When you accept contract work, this means that you are going to be in the position you’re in for a fixed amount of time, be it three months, six months or even a year. A lot of jobs offer work on a contractual basis, even athletes sign contracts allowing them to stay with a team for a certain number of years. But the glamorous world of sports is far different from the kind of labor that we do.
Most of the time, when we look for a job, we tend to search for jobs that are permanent. Or in other words, we want to be rest assured of stability when it comes to our income.
Also, with work where you’re hired as a regular employee, your income taxes and pension plan contributions are deducted automatically from your pay by your employer. None of these things are available to you when you do contract work. In other words, you have to fend for yourself should you choose the contractual employee route.
Whichever way you look at it, there will be positives and negatives for accepting contract work. Below, we break down why getting a job on a contract basis is a good move and why it’s not.
List of Pros of Contract Work
1. You Can Impress An Employer Which Can Lead To Better Opportunities.
Hard work is the key to succeeding in contract work. When an employer sees that they can trust you with several tasks, they might just want to bring you on board for a full-time job. After all, once you grab hold of a good worker, you try your best to hold on to that employee for as long possible.
Every company deserves good workers, but sometimes they can be hard to find. So when a company chooses to give you a shot, don’t think in temporary terms – that you’re just in this for a number of months. Instead of thinking in the negative, go for something more positive. Put everything you’ve got into your work and all of your hard work will surely pay off.
Employees always notice good workers and they want to hang on to them. So even if the gig you signed up for lasts for just a while, try and make the most out of it. This doesn’t mean that any temporary job you sign up for will automatically lead to full-time promotion.
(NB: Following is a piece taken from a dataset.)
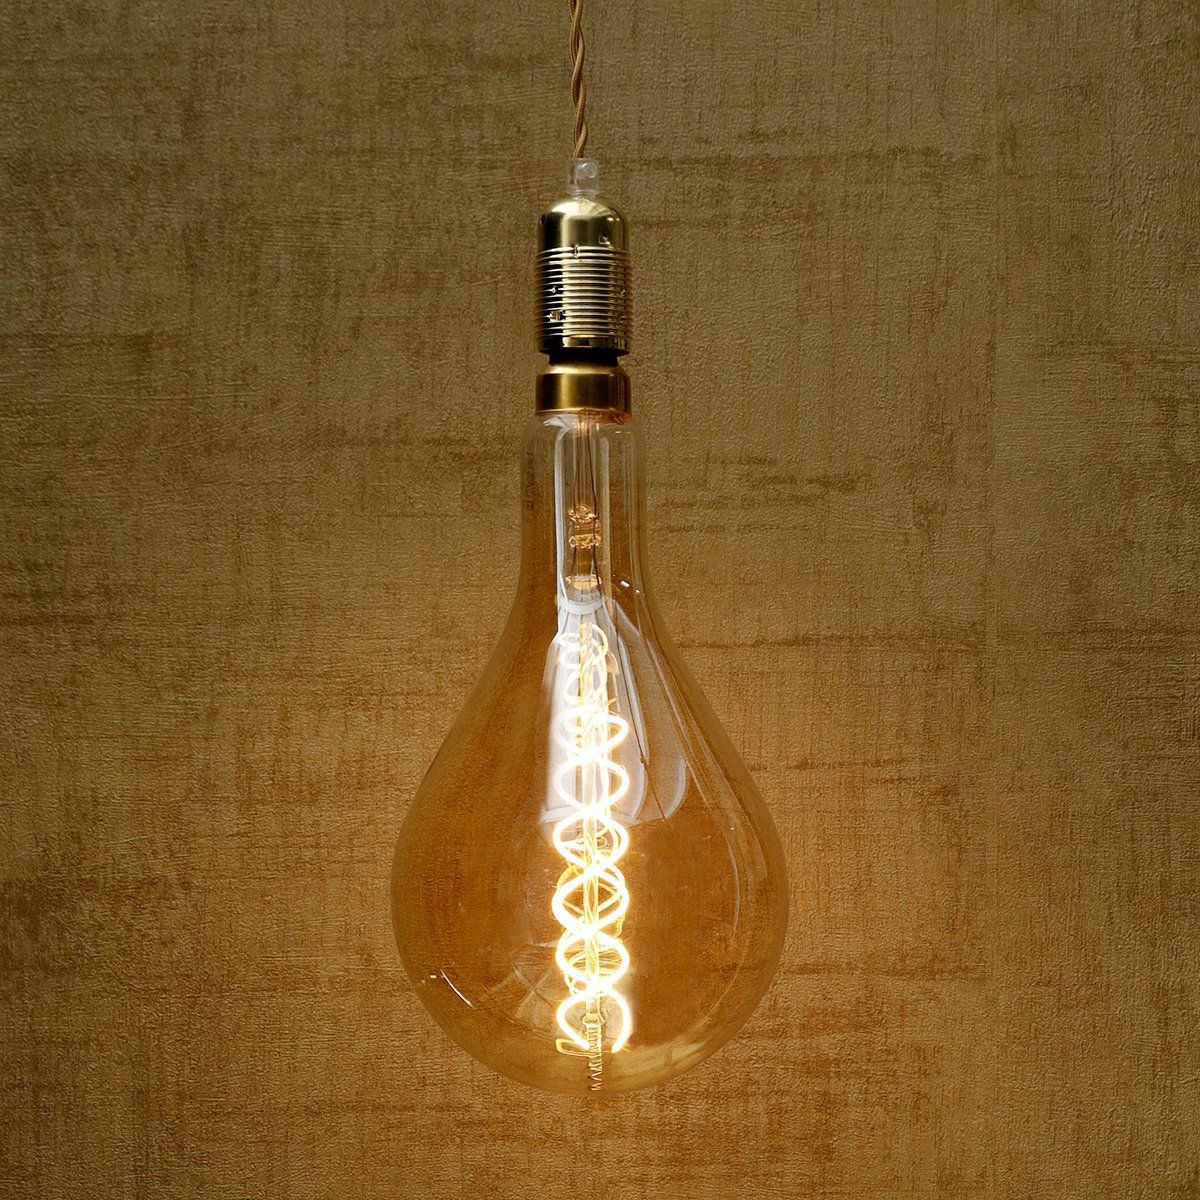 Ampoule LED E27 Philips décorative en forme de champignon

But it’s important to show that you care for your job because you just never know who’s watching.
Yes, you may bid the place of your employment in a few months’ time, but making an impression will surely put you in the good books of your current employer. Who knows? Maybe one day you’ll be working for someone else but a call will come from a previous employer offering better opportunities
2. You Do Work And Then You Head Home.
When performing contractual work, you’re only meant to be “at work” for the day until such a time when your contract ends. This means that other office-related things like attending meetings at ungodly hours aren’t part of your routine. You’re tasked with doing a certain thing and that’s what you’ll focus on until you’re no longer contractually obliged to do so.
What makes this setup nice is that when the work shift is over, all you have to do is get home, spend time with your family and do the things that you love.
3. You Acquire Skills a Whole Lot Faster.
Being involved in contract work often means dabbling in various jobs across many industries. Doing so builds up your skills as quickly as possible. When you’re exposes to a variety of projects and work environments, picking up new skills will be so much easier.
4. You Don’t Have To Be Involved In Office Politics.
Every office seems to operate like they’re a government agency. As a contact worker, you need not be bothered by such things. There’s no reason for you to get highly involved in office politics because you’re going elsewhere in a couple of weeks, months or years.
5. You Can Earn Higher Wages.
When you’re a contract worker, there’s a chance you can get a higher pay because your job is not secure. Generally, contract workers receive about 30 to 100% higher gross pay than those who have permanent work. Overtime pay is also provided to contract workers which can increase their take home pay.
List of Cons of Contract Work
1. You Don’t Get Paid When You Don’t Work.
As a regular worker, you are entitled to benefits offered by your company – vacation leaves, sick leaves and such. When you’re involved in a contractual situation and can’t work for a day or even days, that means you get no pay. Absolutely nothing.
This is why the life of a contract worker is always tricky. A next job after the current one isn’t even a guarantee. So there will be days when contractors do suffer from not having any income at all.
2. You Have To Fend For Yourself In Terms Of Benefits.
As a contract worker, you don’t have an employer who will gladly take off a certain amount from your paycheck for government contributions and such. Well, you do have an employer but they are more about writing your check and nothing more. So, basically you have to do these things on your own.
3. You Don’t Have Job Security.
Just like coaching jobs in sporting teams, you can get cut at any time. Take Carlo Ancelotti at Real Madrid for example. While that team is used to parting ways with coaches who don’t produce trophies in a given year, Ancelotti still had a year left on his three-year contract when the football club decided to fire him.
It was a strange gesture given that he was responsible for delivering La Decima and taking a badly injured team to the semifinals of the Champions League. Then again, that is the nature of contracts: if you don’t deliver on what is asked of you, your employer will gladly show you the door.